Violência Doméstica: Conduta Médica e Notificação Compulsória

UNICAMP/HC - Hospital de Clínicas da Unicamp - Campinas (SP) — Prova 2022

Enunciado

Mulher, 42a, comparece em consulta na Unidade Básica de Saúde para trazer os resultados do exame de mamografia e para fazer acompanhamento de rotina. Queixa-se de surto de agressividade há aproximadamente 15 dias. Apresenta várias questões de saúde mental desde a juventude. Relata que teve problemas com álcool há 15 anos, mas não faz uso no momento. Recentemente, vem apresentando sintomas depressivos e ansiosos. É mãe de dois filhos biológicos e um adotivo, reside com os filhos e o parceiro atual, pai dos adolescentes, e trabalha como faxineira em empresa terceirizada. Relata que recentemente vem sofrendo violência doméstica por parte do parceiro, com discussões frequentes e agressões verbais e físicas. Vem tentando fazer com que o companheiro saia da casa, mas ele resiste. Durante esses episódios de violência, sente-se muito mal e nervosa e recorreu ao Pronto Socorro da cidade duas vezes no último mês. Foi medicada devido a dores no peito e aumento da pressão arterial, posteriores às agressões do companheiro.

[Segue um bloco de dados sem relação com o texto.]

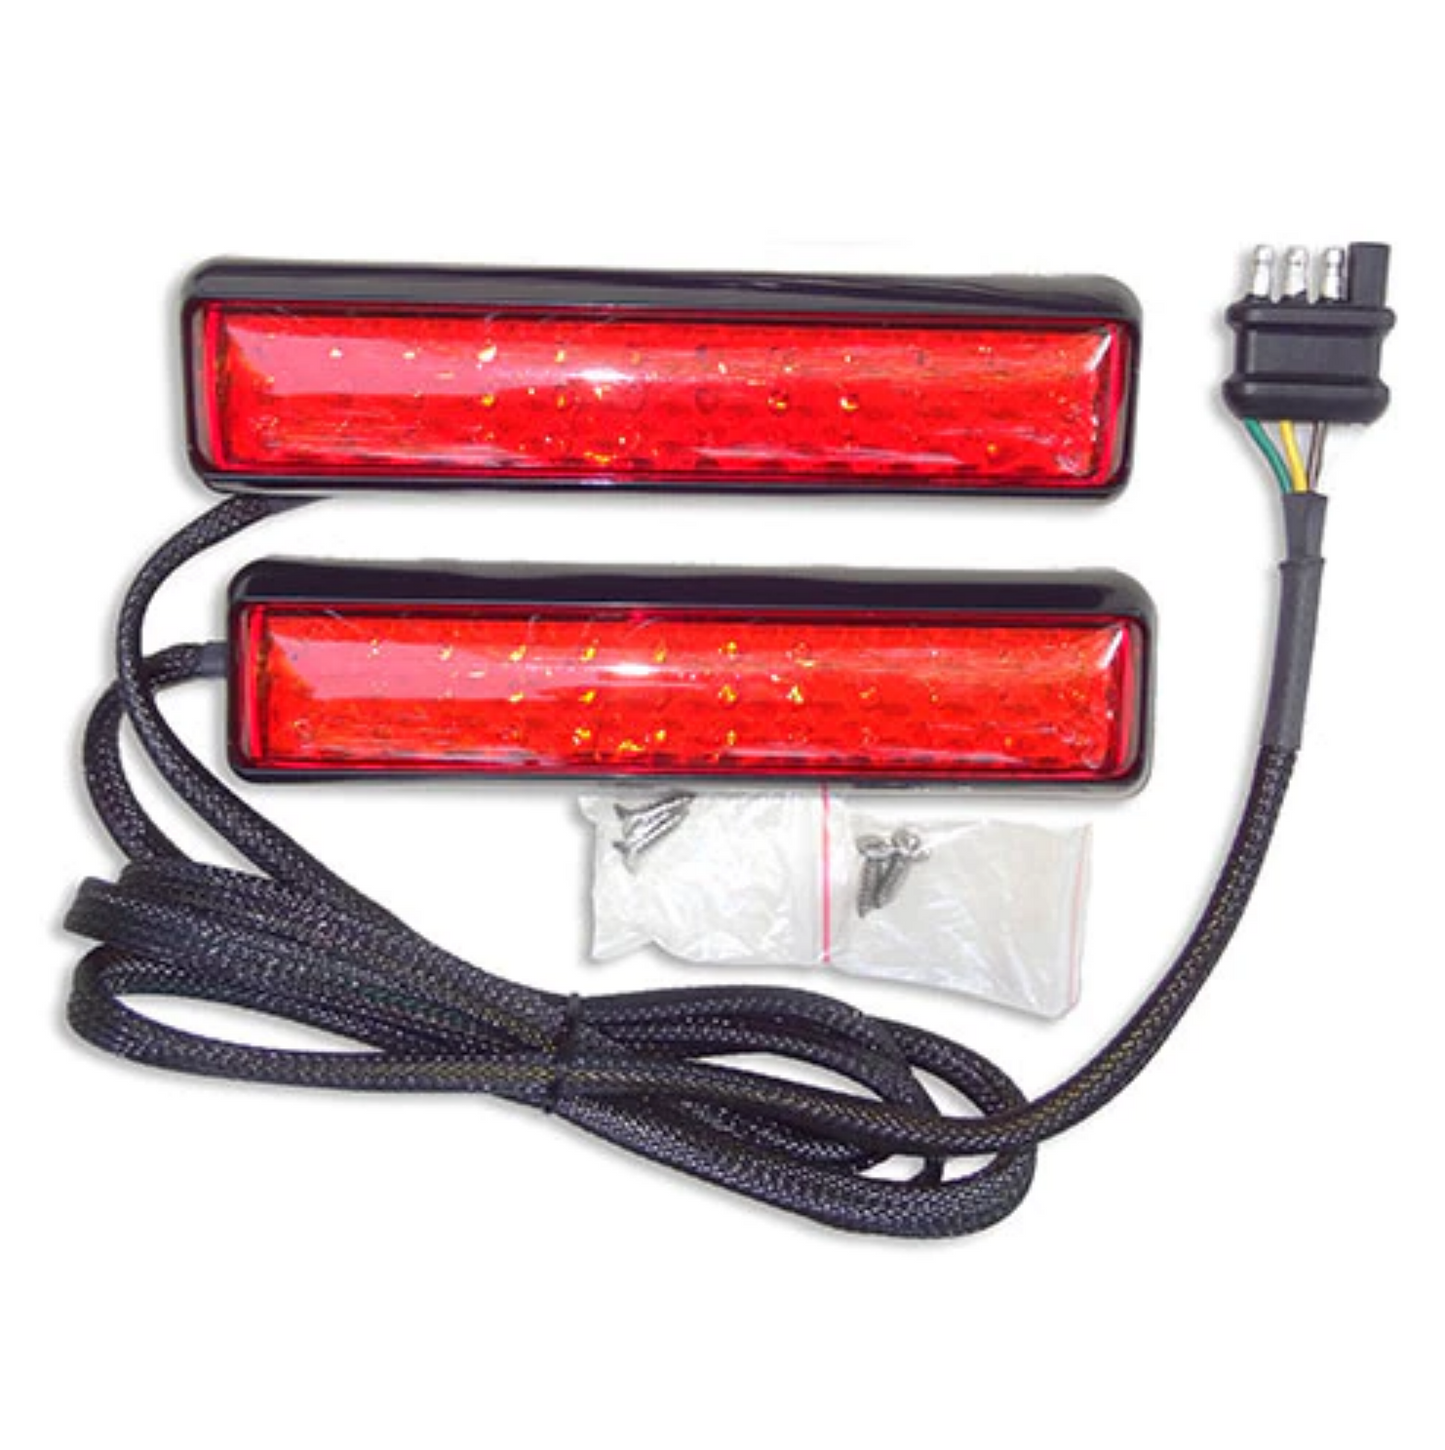 MotoTote - LED Lights - USA Carrier Tail Light Kit

A CONDUTA PROFISSIONAL DO MÉDICO DEVE SER:

Alternativas

  1. A) Promover o acolhimento, registrar no prontuário as violências sofridas relatadas em entrevista e constatadas no exame físico e planejar visita domiciliar para averiguação dos fatos.
  2. B) Fortalecer o vínculo com a paciente, solicitar apoio da equipe no desenho de um plano terapêutico e realizar a notificação compulsória à autoridade sanitária.
  3. C) Realizar visita domiciliar acompanhado por agente comunitário de saúde e assistente social e informar o companheiro que a equipe da UBS irá denunciá- lo para a autoridade policial.
  4. D) Monitorar os parâmetros clínicos da paciente nas visitas domiciliares semanais e não realizar a notificação compulsória à autoridade sanitária, evitando causar mais danos.

Pérola Clínica

Em casos de violência doméstica, o médico deve acolher, registrar no prontuário, notificar compulsoriamente e articular rede de apoio.

Resumo-Chave

Diante de uma situação de violência doméstica, o médico na Atenção Primária deve promover o acolhimento da vítima, registrar detalhadamente os relatos e achados no prontuário, e realizar a notificação compulsória à autoridade sanitária, que é um instrumento essencial para a vigilância e intervenção em saúde pública. Além disso, é crucial fortalecer o vínculo e planejar um plano terapêutico com a equipe.

Contexto Educacional

A violência doméstica é um grave problema de saúde pública e de direitos humanos, com profundas repercussões na saúde física e mental das vítimas. Os profissionais de saúde, especialmente na Atenção Primária, desempenham um papel crucial na identificação, acolhimento e manejo desses casos. É fundamental que o médico esteja preparado para abordar o tema com sensibilidade e conhecimento das diretrizes e legislações vigentes. A abordagem inicial deve focar no acolhimento da paciente, criando um ambiente de confiança e segurança. É essencial registrar detalhadamente no prontuário todas as informações relevantes sobre a violência sofrida, incluindo relatos, achados do exame físico e as intervenções realizadas. Este registro é uma prova documental importante e um subsídio para a rede de proteção. A notificação compulsória à autoridade sanitária (Secretaria de Saúde) é um dever legal do profissional de saúde e um instrumento vital para a vigilância epidemiológica da violência. Ela permite que os órgãos de saúde coletem dados, planejem ações e articulem a rede de proteção social e jurídica para a vítima. Além disso, o médico deve fortalecer o vínculo com a paciente e, em conjunto com a equipe multidisciplinar, elaborar um plano terapêutico que inclua suporte psicossocial e encaminhamentos necessários.

Perguntas Frequentes

Qual a importância do acolhimento em casos de violência doméstica?

O acolhimento é fundamental para estabelecer um vínculo de confiança com a vítima, oferecendo um espaço seguro para que ela possa relatar a violência sem julgamento, e para que o profissional possa oferecer suporte e orientação de forma empática.

A notificação compulsória da violência é obrigatória para o médico?

Sim, a notificação de casos de violência (física, sexual, psicológica, negligência) é compulsória para todos os profissionais de saúde, conforme a legislação brasileira. Ela é um instrumento de vigilância epidemiológica e não uma denúncia policial direta.

Como o médico deve registrar a violência doméstica no prontuário?

O registro deve ser detalhado, objetivo e descritivo, incluindo o relato da vítima, os achados do exame físico (lesões, marcas), as datas dos episódios, o agressor, e as condutas tomadas. Deve-se usar termos técnicos e evitar juízos de valor.